2026-01-05 18:25:23,877 INFO: Execution finished successfully.
Successfully inserted predictions into 'opening_price_preds' feature group


In [21]:
# ---------------------------------------------------------
# Export Data for GitHub Pages Dashboard
# ---------------------------------------------------------
import json
import numpy as np

# 1. Prepare Validated Data (Past)
# Merge results with sentiment from inference_data
# results columns: date, opening_prices_open (renamed to 'open' then 'current_open' in previous cells), target_open, predicted_open
# Let's re-fetch from 'results' dataframe which should have 'date', 'open', 'target_open', 'predicted_open'
# Note: In cell 26, 'results' was created with: results = inference_data[['date', 'opening_prices_open', 'target_open']].copy()
# and then renamed 'opening_prices_open' -> 'open'.

web_data_past = results.merge(inference_data[['date', 'sentiment_polarity']], on='date', how='left')
web_data_past = web_data_past.rename(columns={
    'open': 'current_open',       # Price on 'date'
    'target_open': 'future_open', # Price on 'date'+1 (Target)
    'sentiment_polarity': 'sentiment'
})
web_data_past = web_data_past[['date', 'current_open', 'future_open', 'predicted_open', 'sentiment']]

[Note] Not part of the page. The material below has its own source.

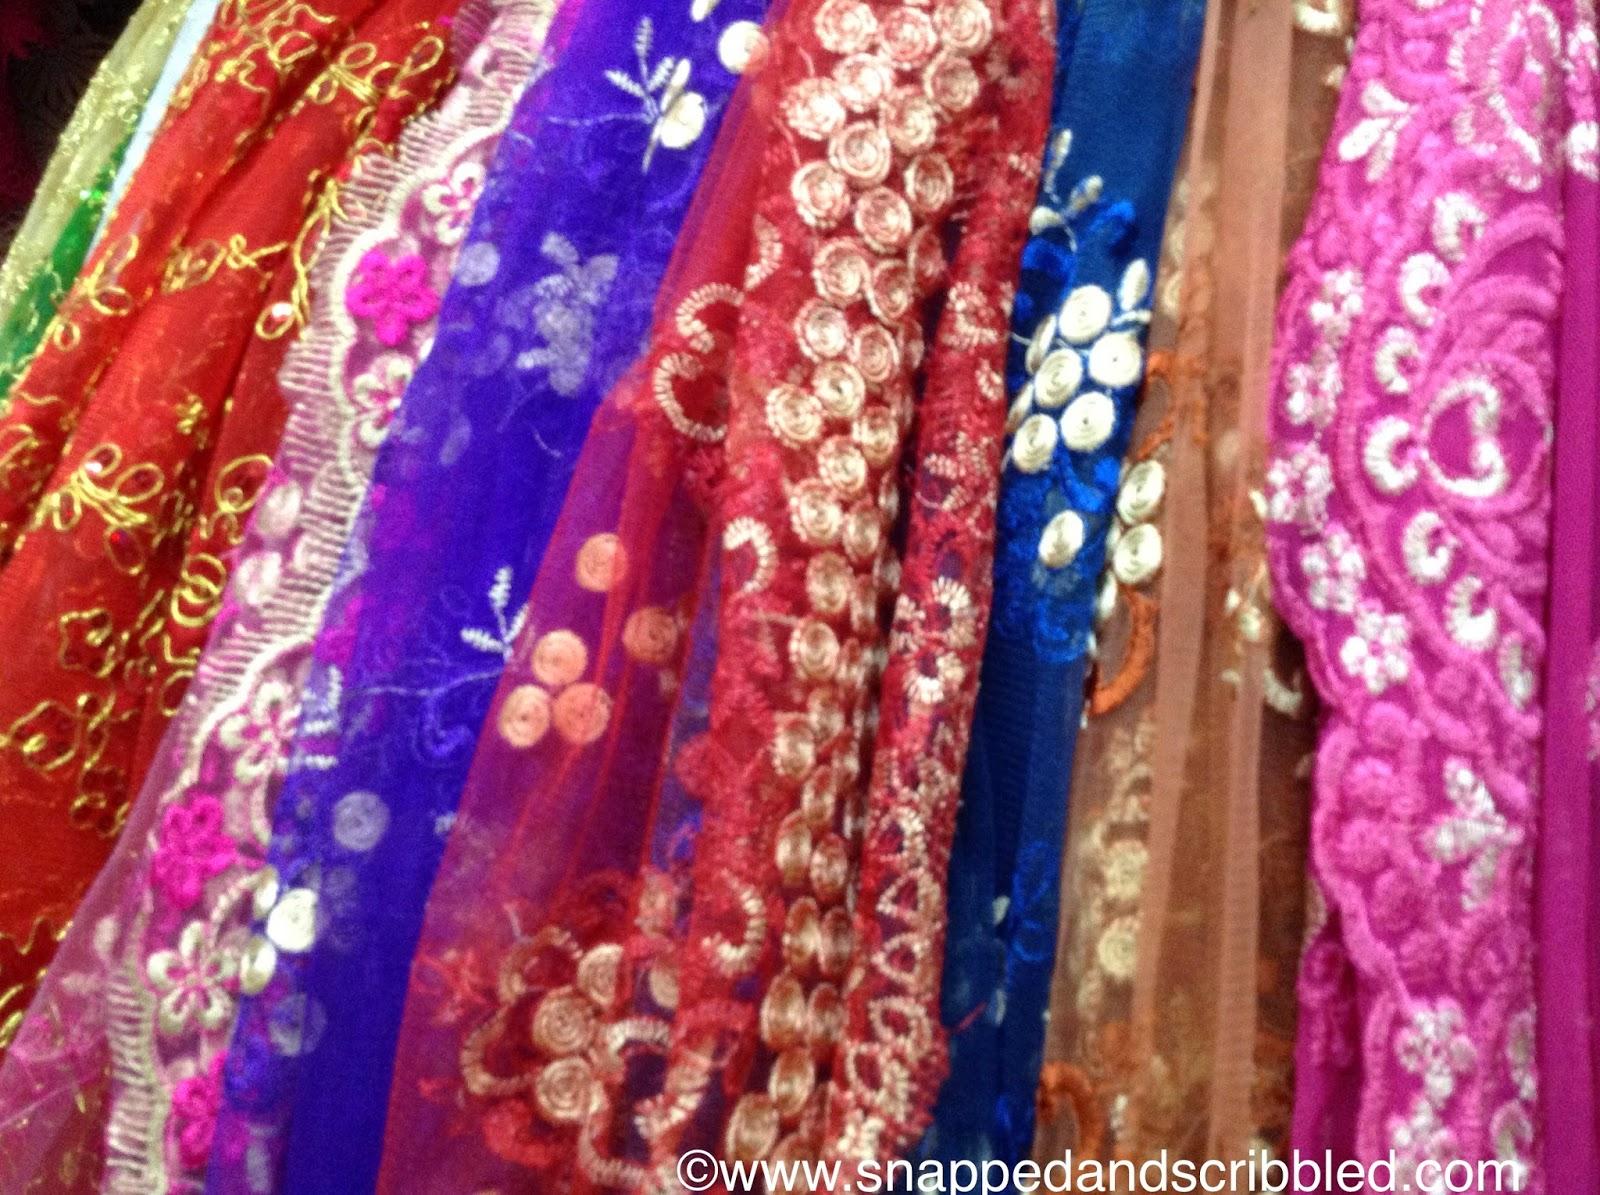 Where To Buy Bridal and Wedding Fabrics: JJMJJ House of Fabrics

# 2. Prepare Recent Data (Future/Unvalidated)
if 'recent_results' in locals() and not recent_results.empty:
    # recent_results columns: date, current_open, predicted_next_day_open
    web_data_future = recent_results.merge(unvalidated_data[['date', 'sentiment_polarity']], on='date', how='left')
    web_data_future = web_data_future.rename(columns={
        'predicted_next_day_open': 'predicted_open',
        'sentiment_polarity': 'sentiment'
    })
    web_data_future['future_open'] = None # We don't know the future yet
    
    web_data_future = web_data_future[['date', 'current_open', 'future_open', 'predicted_open', 'sentiment']]
    
    # Combine
    web_df = pd.concat([web_data_past, web_data_future])
else:
    web_df = web_data_past

# 3. Format Date and Sort
web_df['date'] = web_df['date'].dt.strftime('%Y-%m-%d')
web_df = web_df.sort_values('date')

# 4. Save to JSON
output_path = '../docs/predictions.json'
os.makedirs('../docs', exist_ok=True)

# Replace NaN with None (which becomes null in JSON)
web_df = web_df.replace(np.nan, None)

json_data = web_df.to_dict(orient='records')

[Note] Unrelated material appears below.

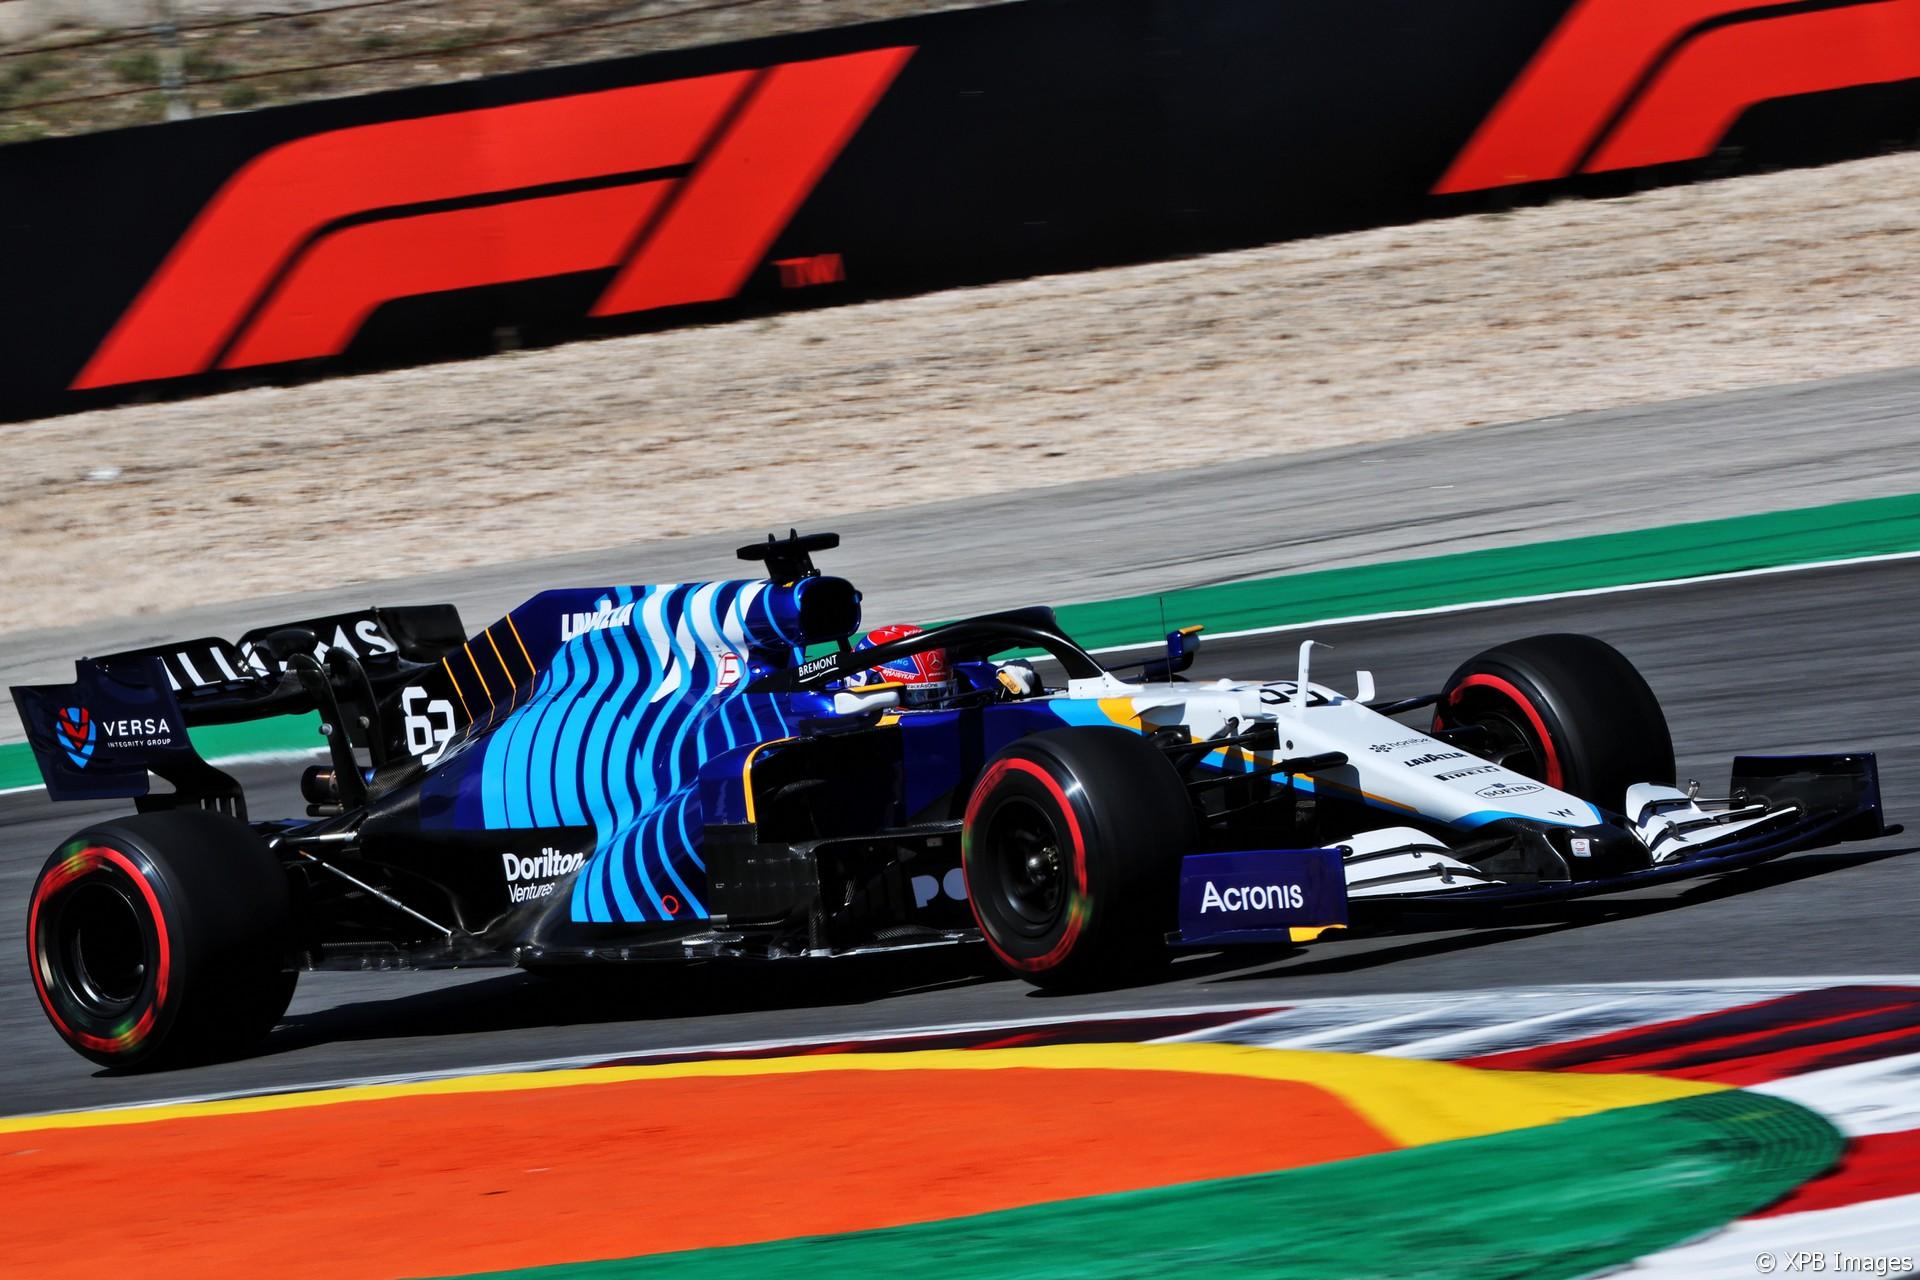 George Russell, Williams, Autodromo do Algarve, 2021

with open(output_path, 'w') as f:
    json.dump(json_data, f, indent=2)

print(f"Successfully exported {len(json_data)} records to {output_path}")
print("Updated JSON structure to include 'current_open' (today's price) and 'future_open' (target).")


Successfully exported 1138 records to ../docs/predictions.json
Updated JSON structure to include 'current_open' (today's price) and 'future_open' (target).